§ **What to work on**:
Your answer must be a word-for-word copy of the listing, with all pictures excluded.

§ **Given information**:
··········
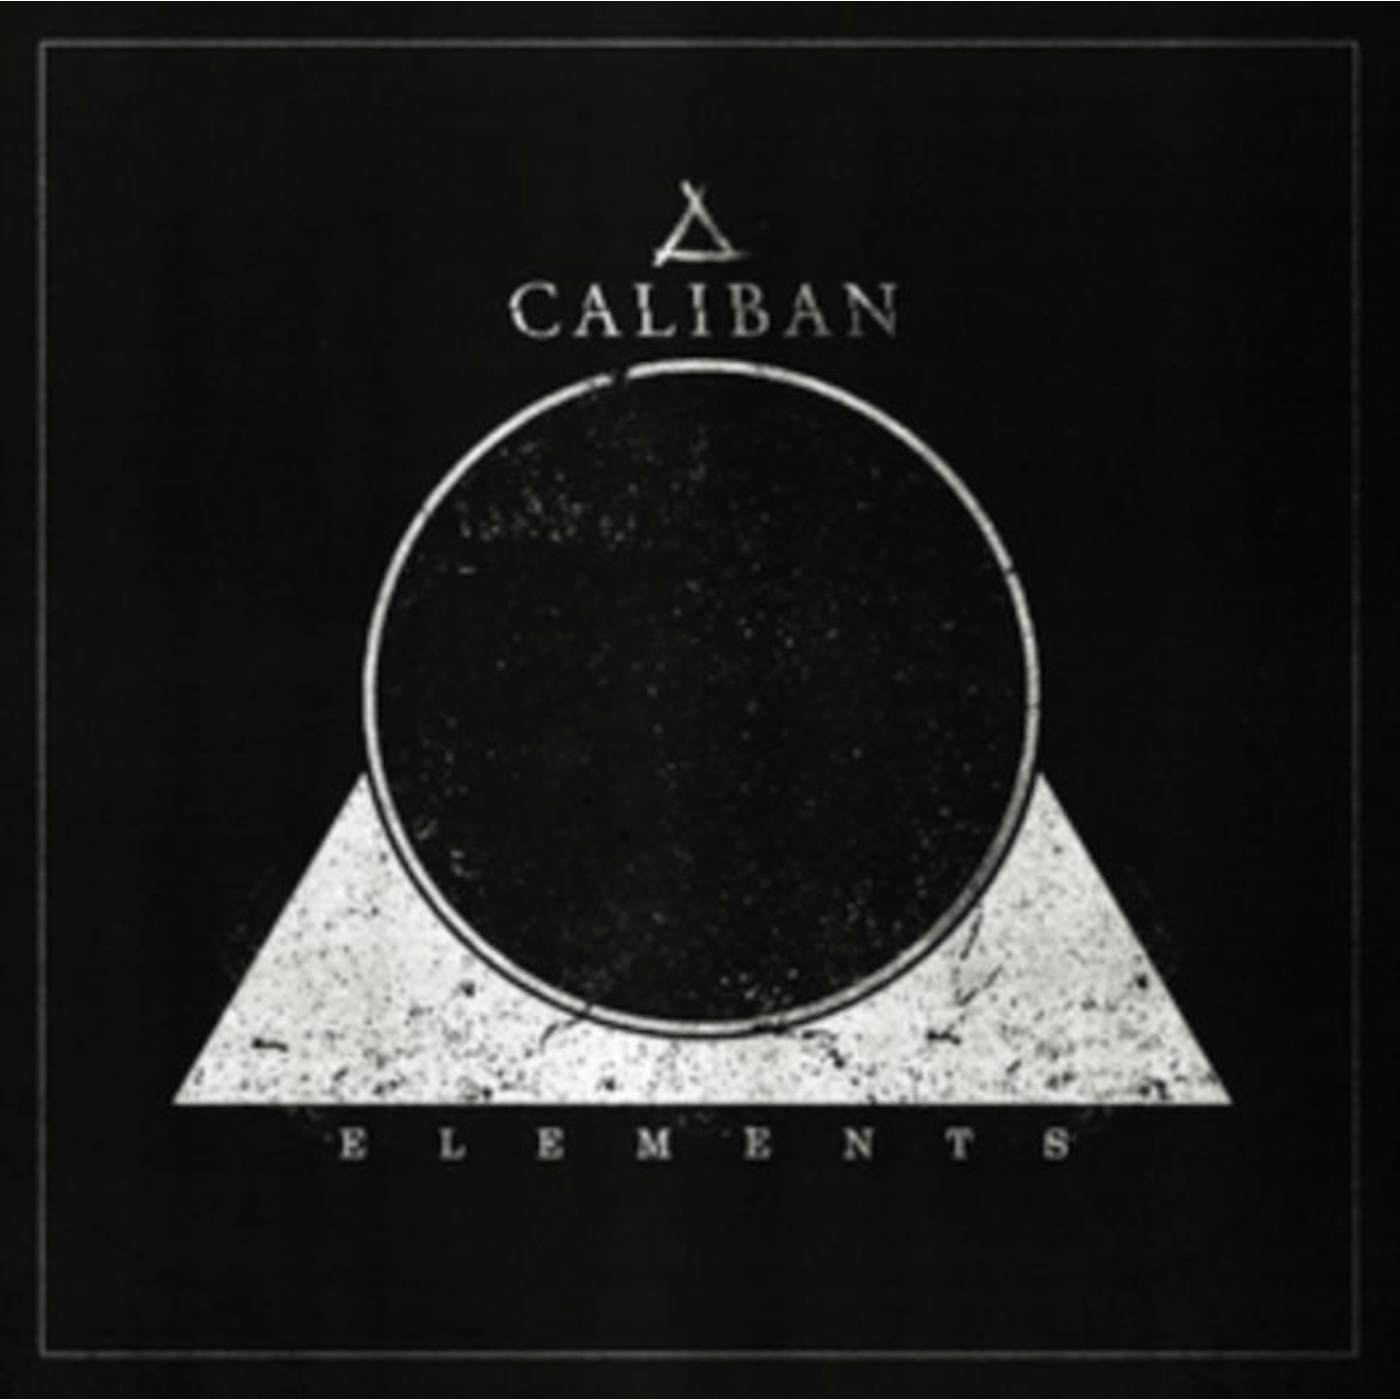  Caliban LP - Elements (Vinyl)
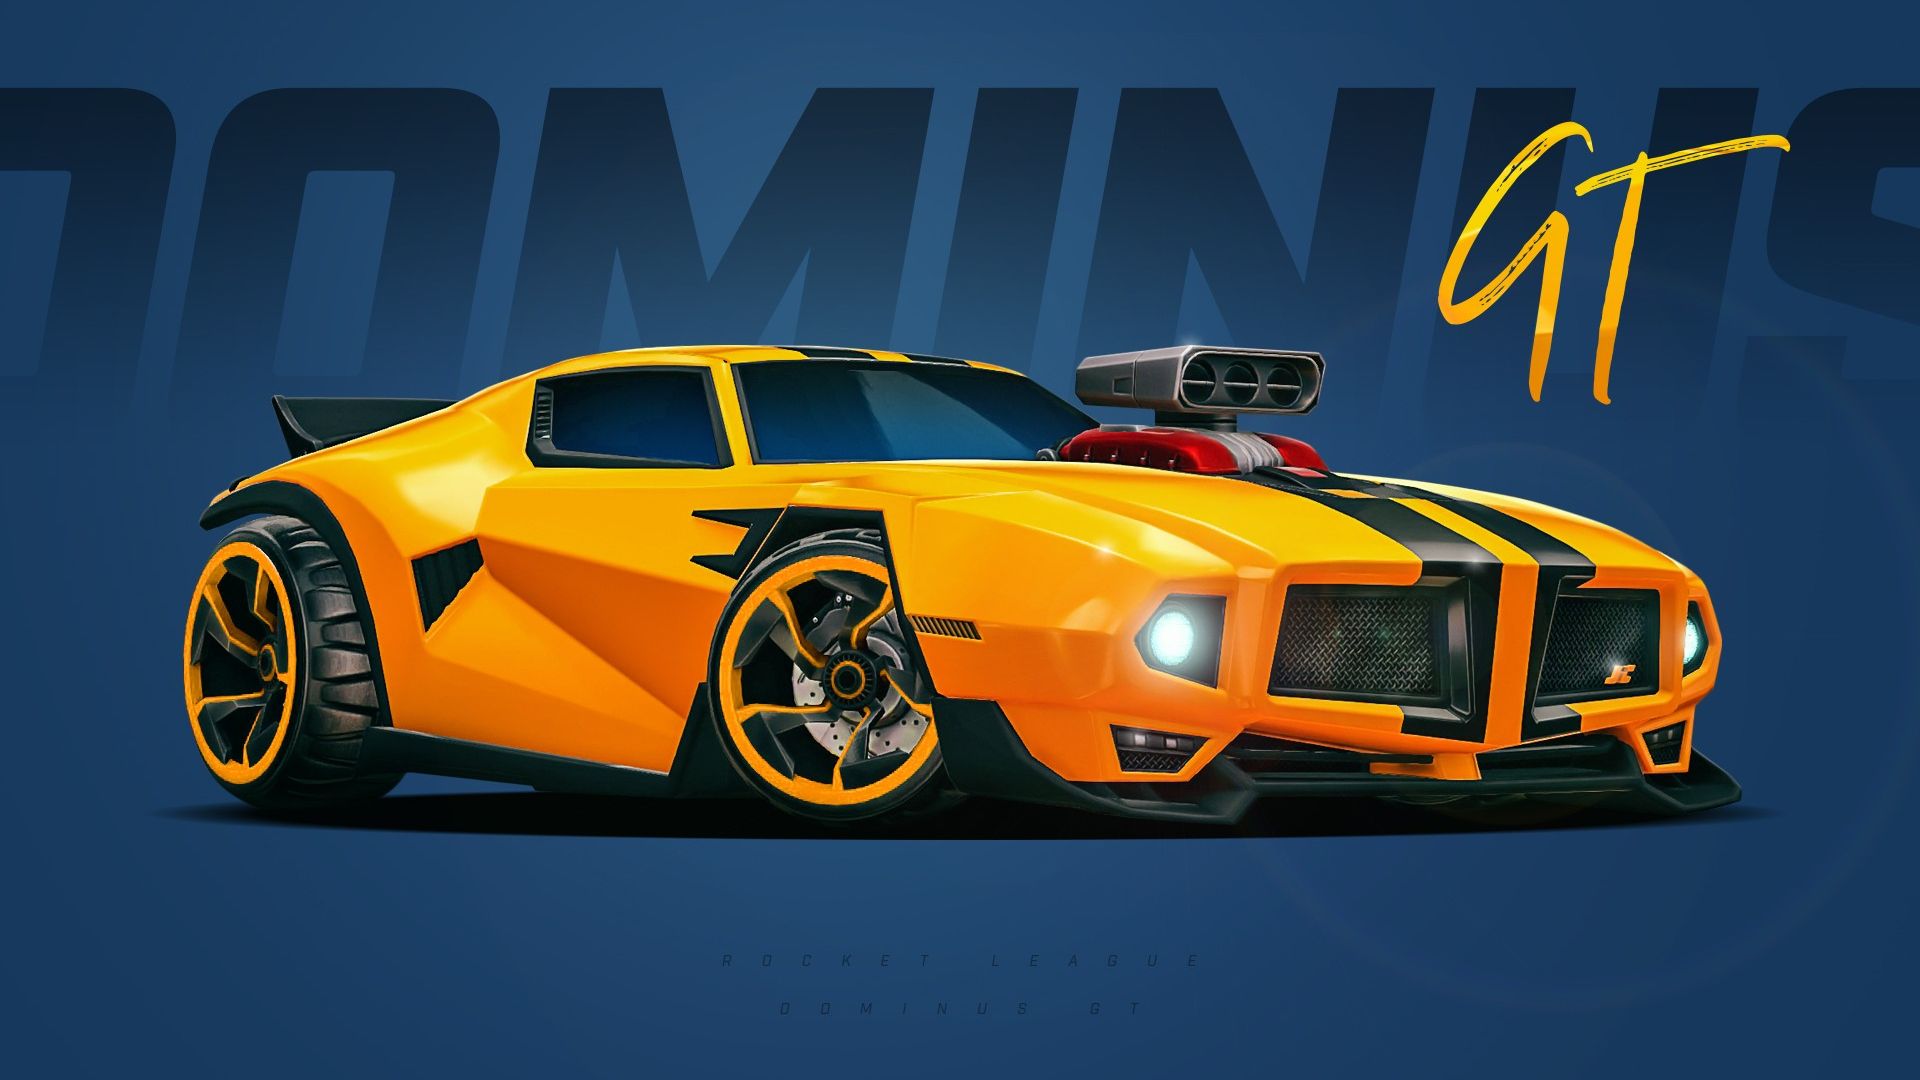 Wallpaper Rocket League, Video Game, GT car, yellow car, art
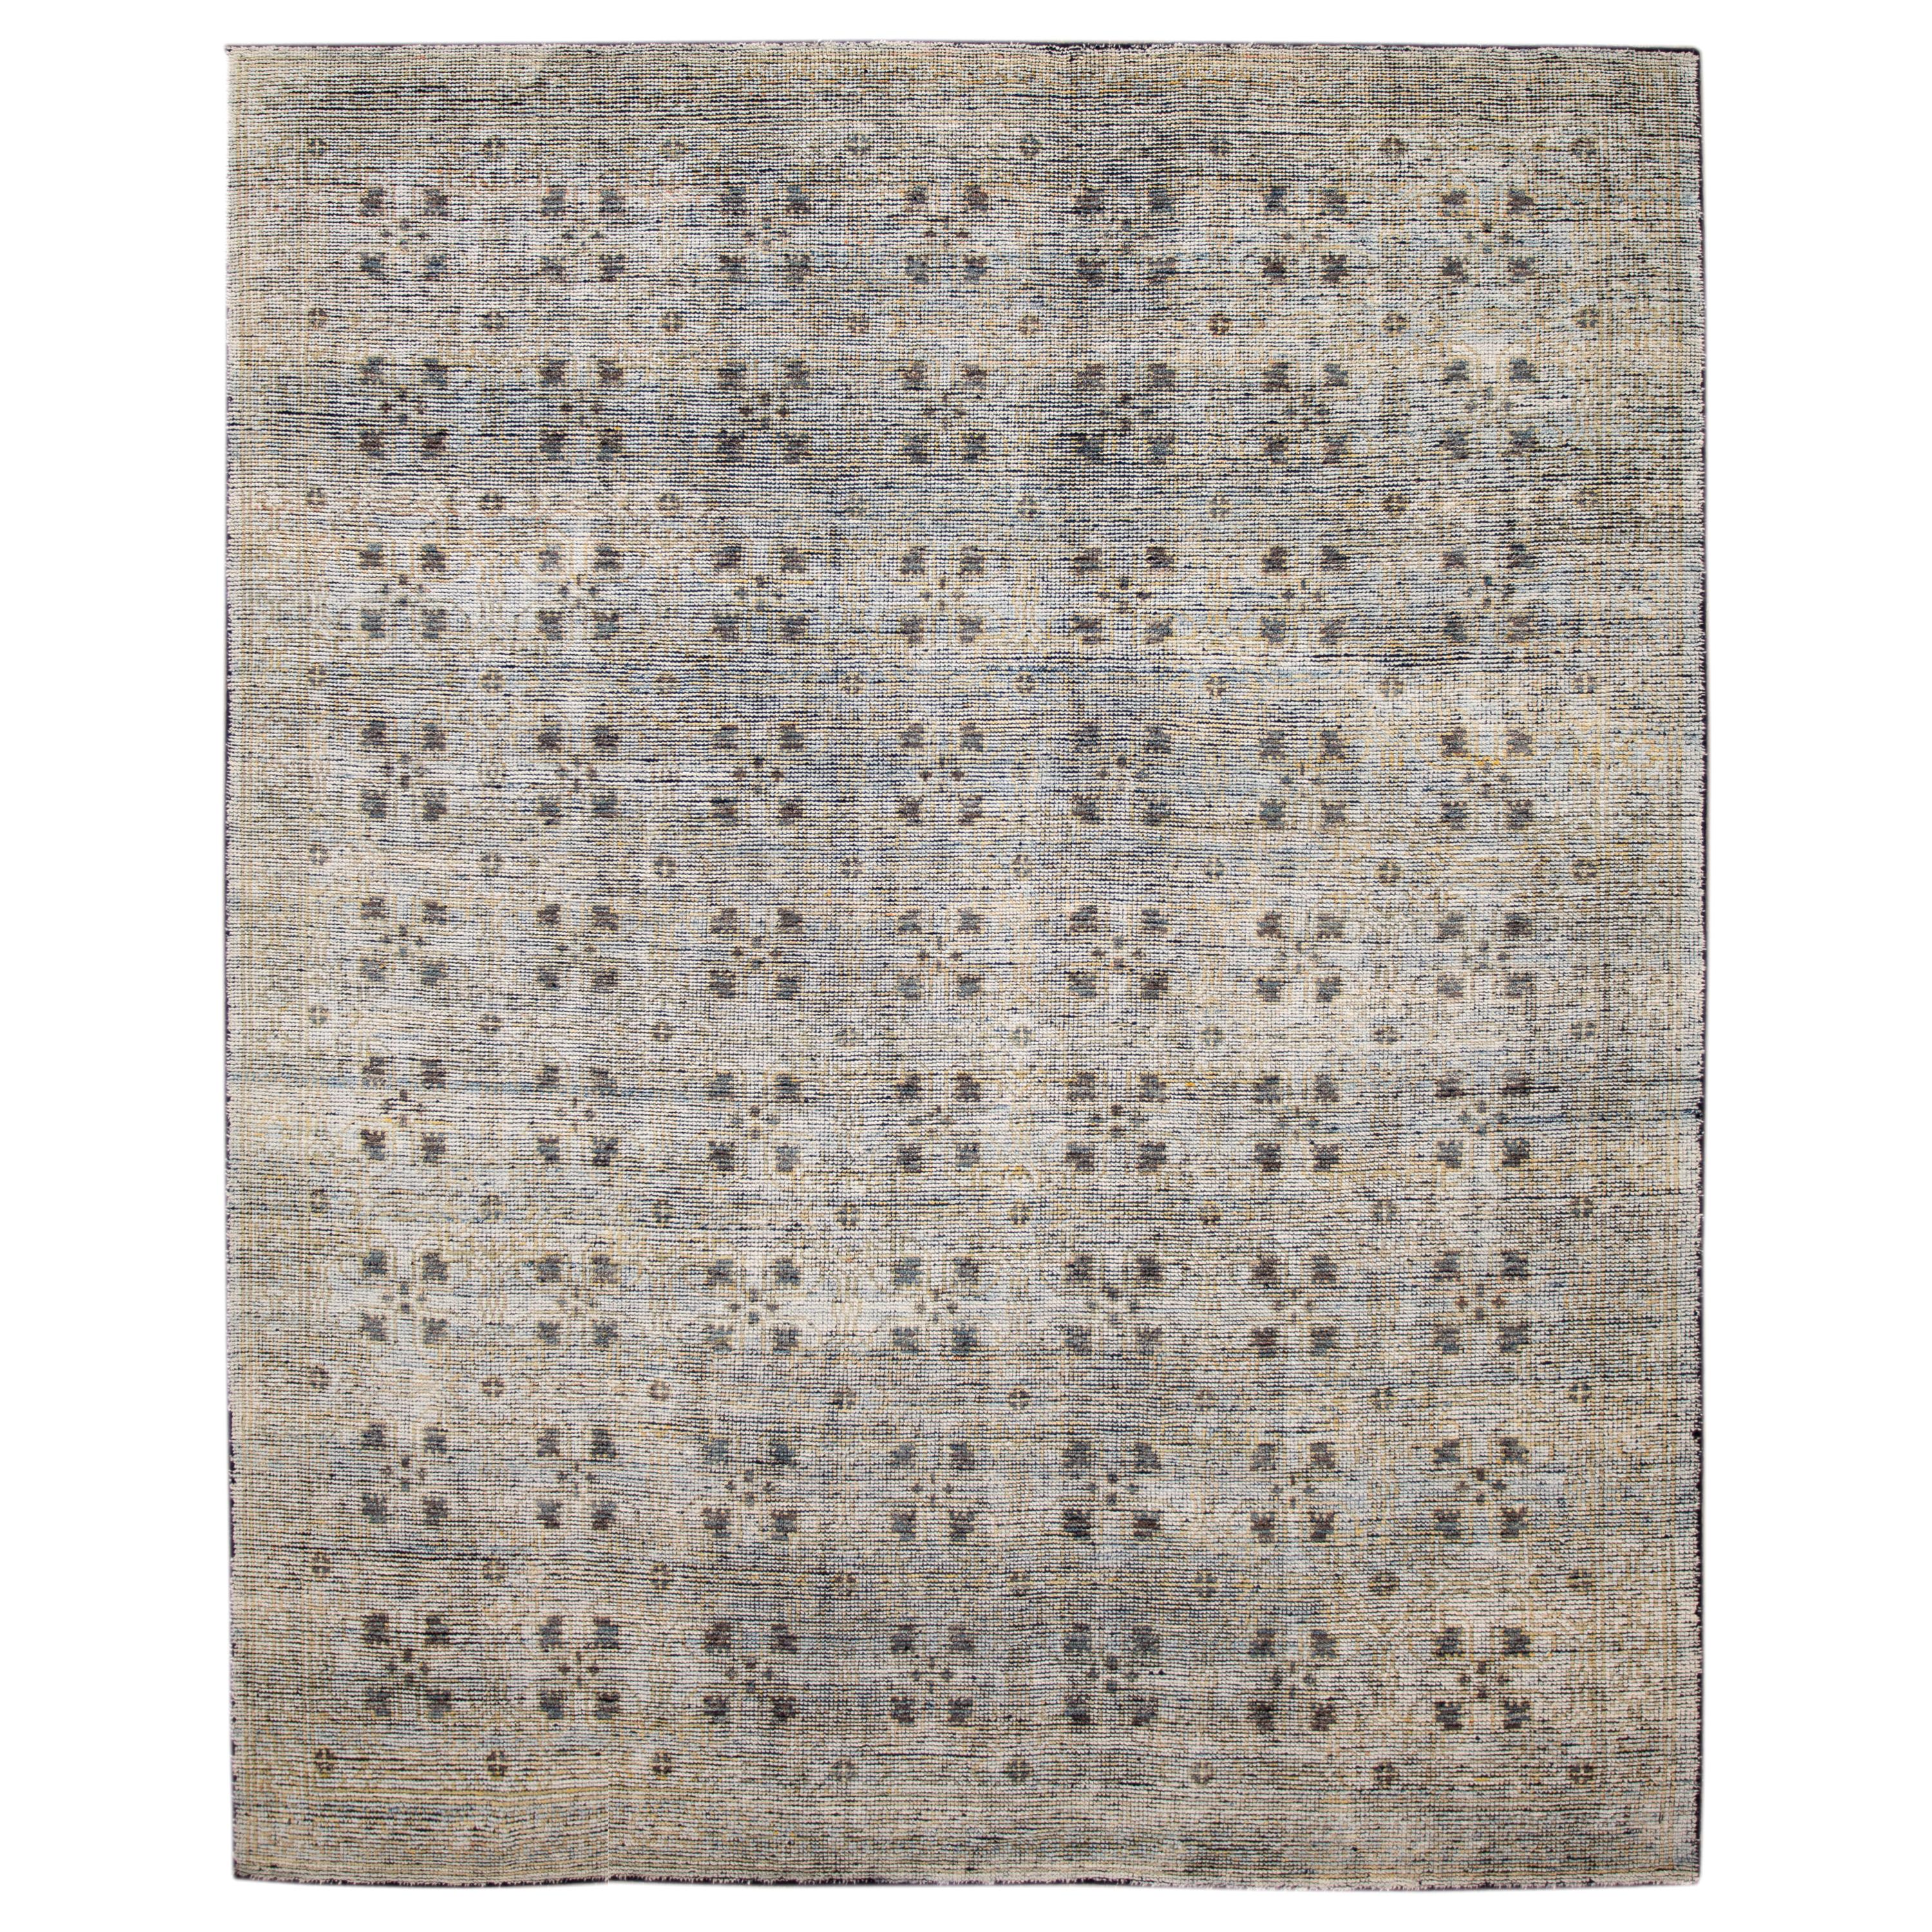 Modern Soumak Style Handmade Geometric Gray Wool Rug
··········
§ **Answer to this task**:
  Caliban LP - Elements (Vinyl)
 Wallpaper Rocket League, Video Game, GT car, yellow car, art
 Modern Soumak Style Handmade Geometric Gray Wool Rug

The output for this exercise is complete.